__Required work__
From the line that contains "Molton Brown Blue" through the line that contains "Sample page 7", output every line of the listing below exactly and leave out all the rest.

__Study material__
────────────────

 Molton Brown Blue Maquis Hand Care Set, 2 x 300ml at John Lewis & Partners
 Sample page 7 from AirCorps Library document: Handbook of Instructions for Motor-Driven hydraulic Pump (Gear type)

────────────────

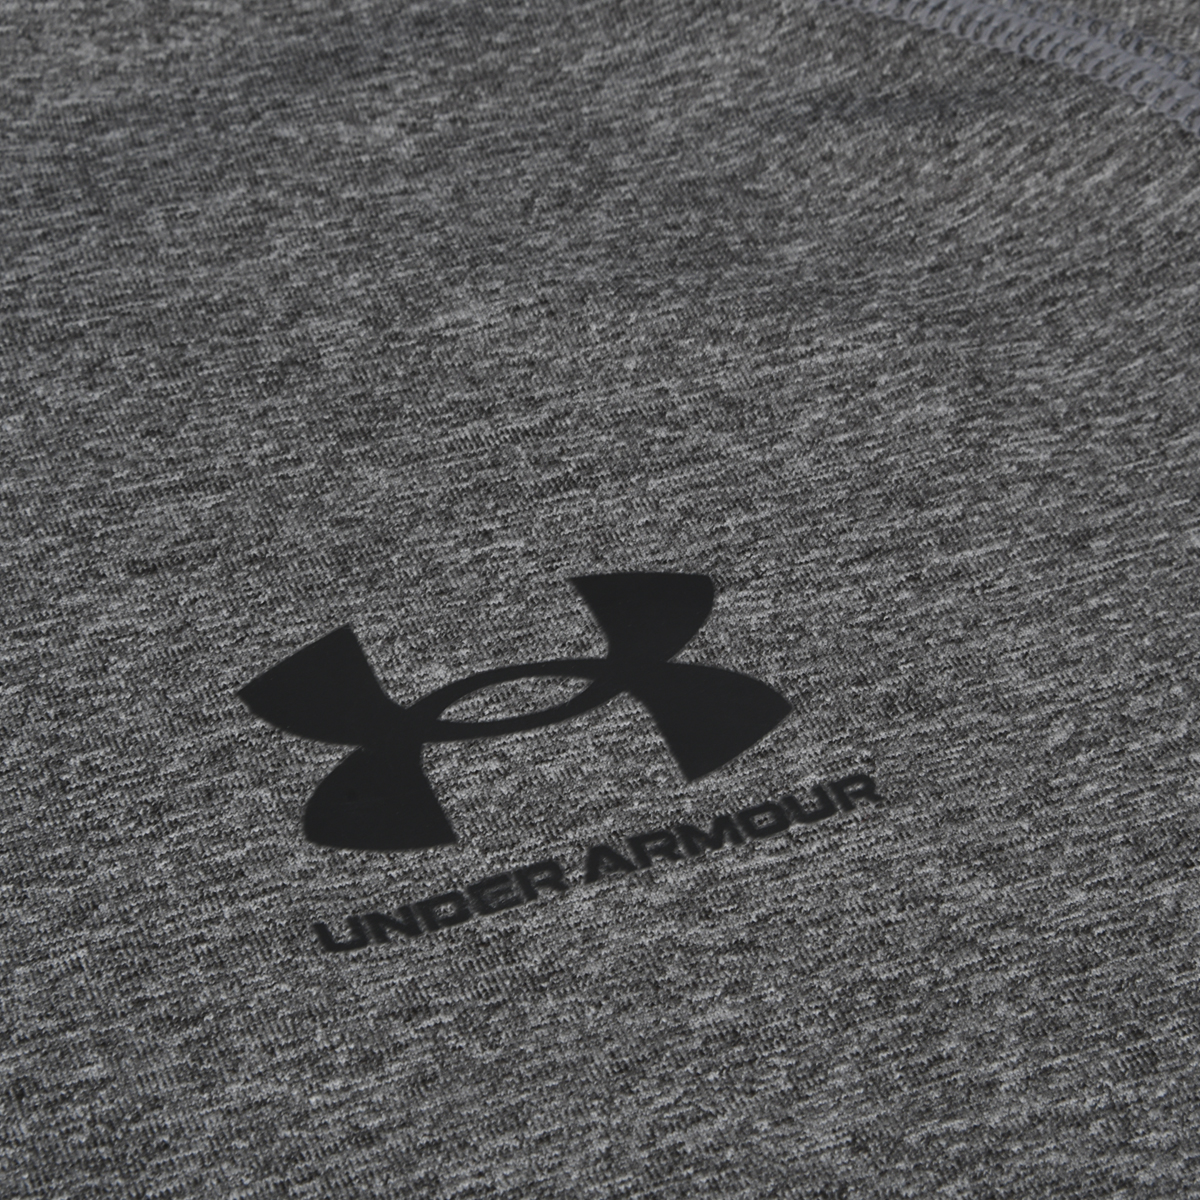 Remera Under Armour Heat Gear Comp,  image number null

────────────────

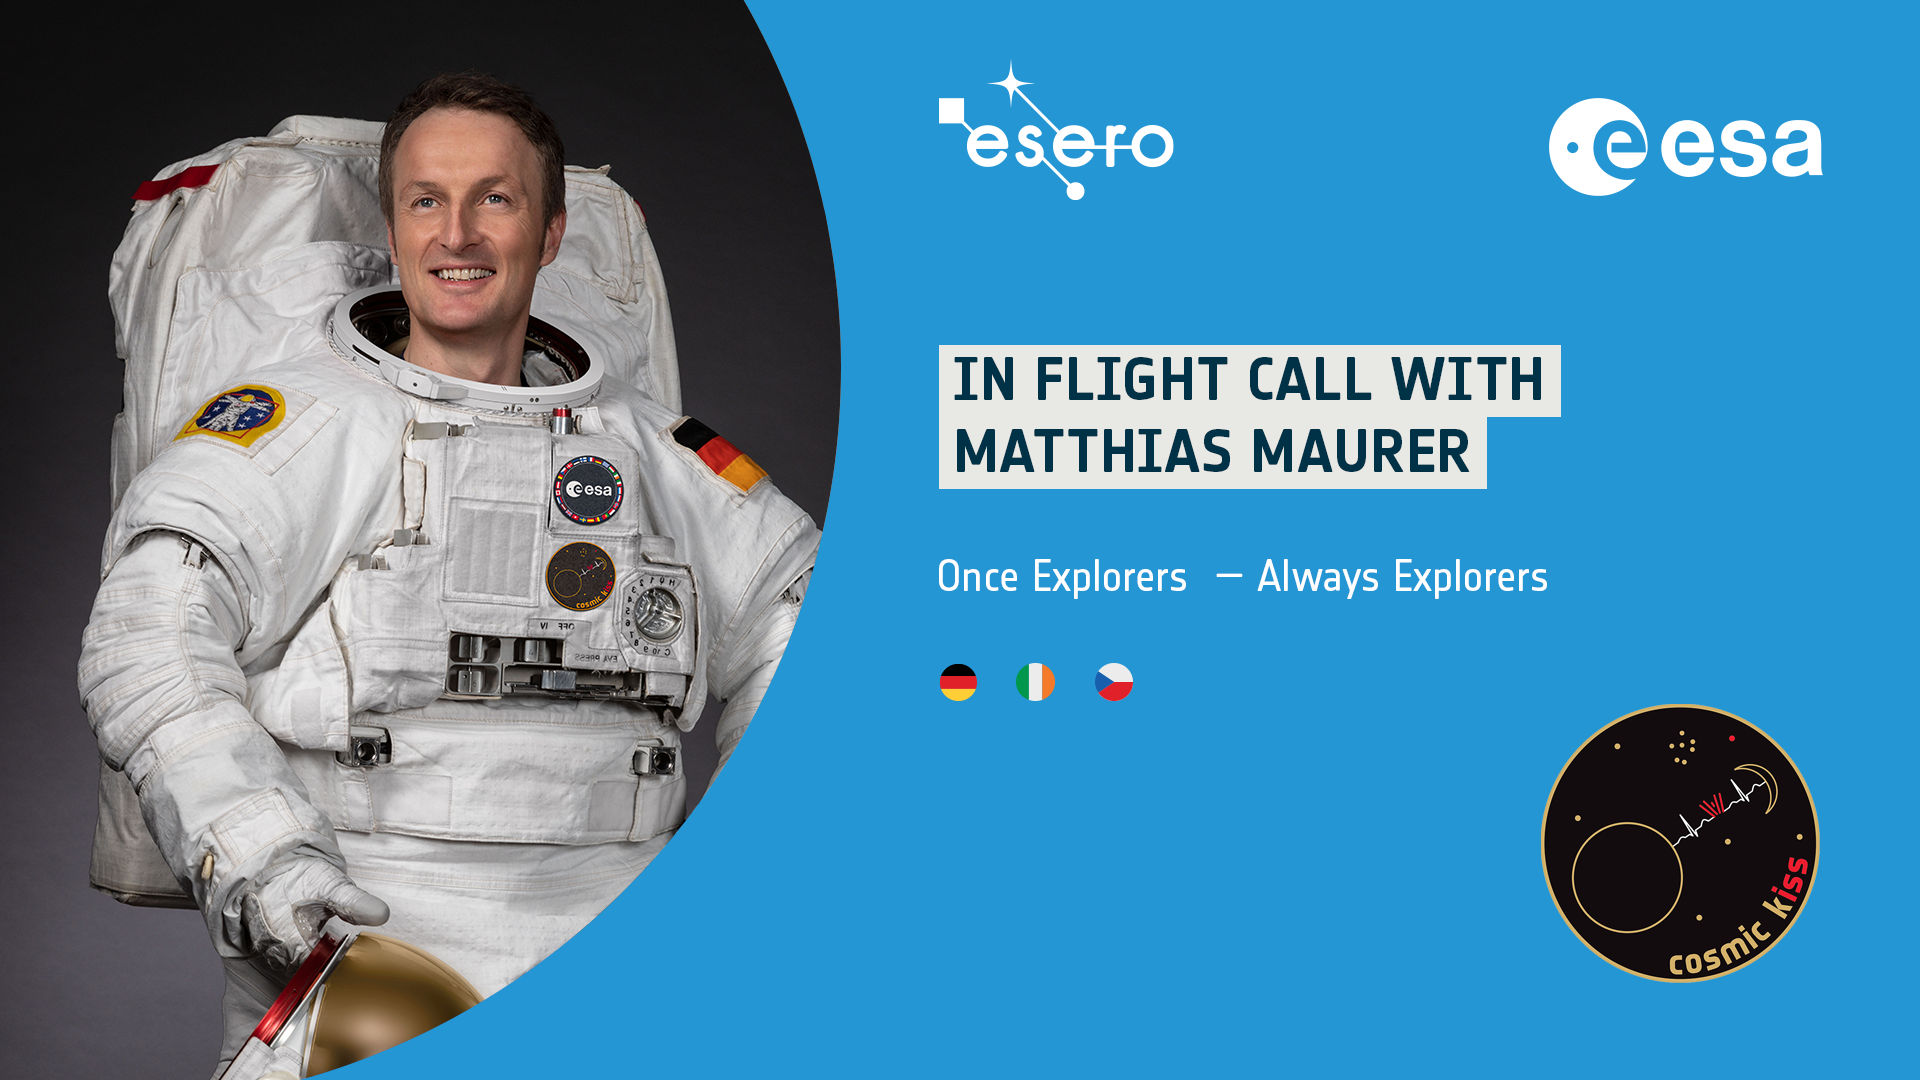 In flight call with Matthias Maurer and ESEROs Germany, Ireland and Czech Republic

────────────────

__Output for this task__
 Molton Brown Blue Maquis Hand Care Set, 2 x 300ml at John Lewis & Partners
 Sample page 7 from AirCorps Library document: Handbook of Instructions for Motor-Driven hydraulic Pump (Gear type)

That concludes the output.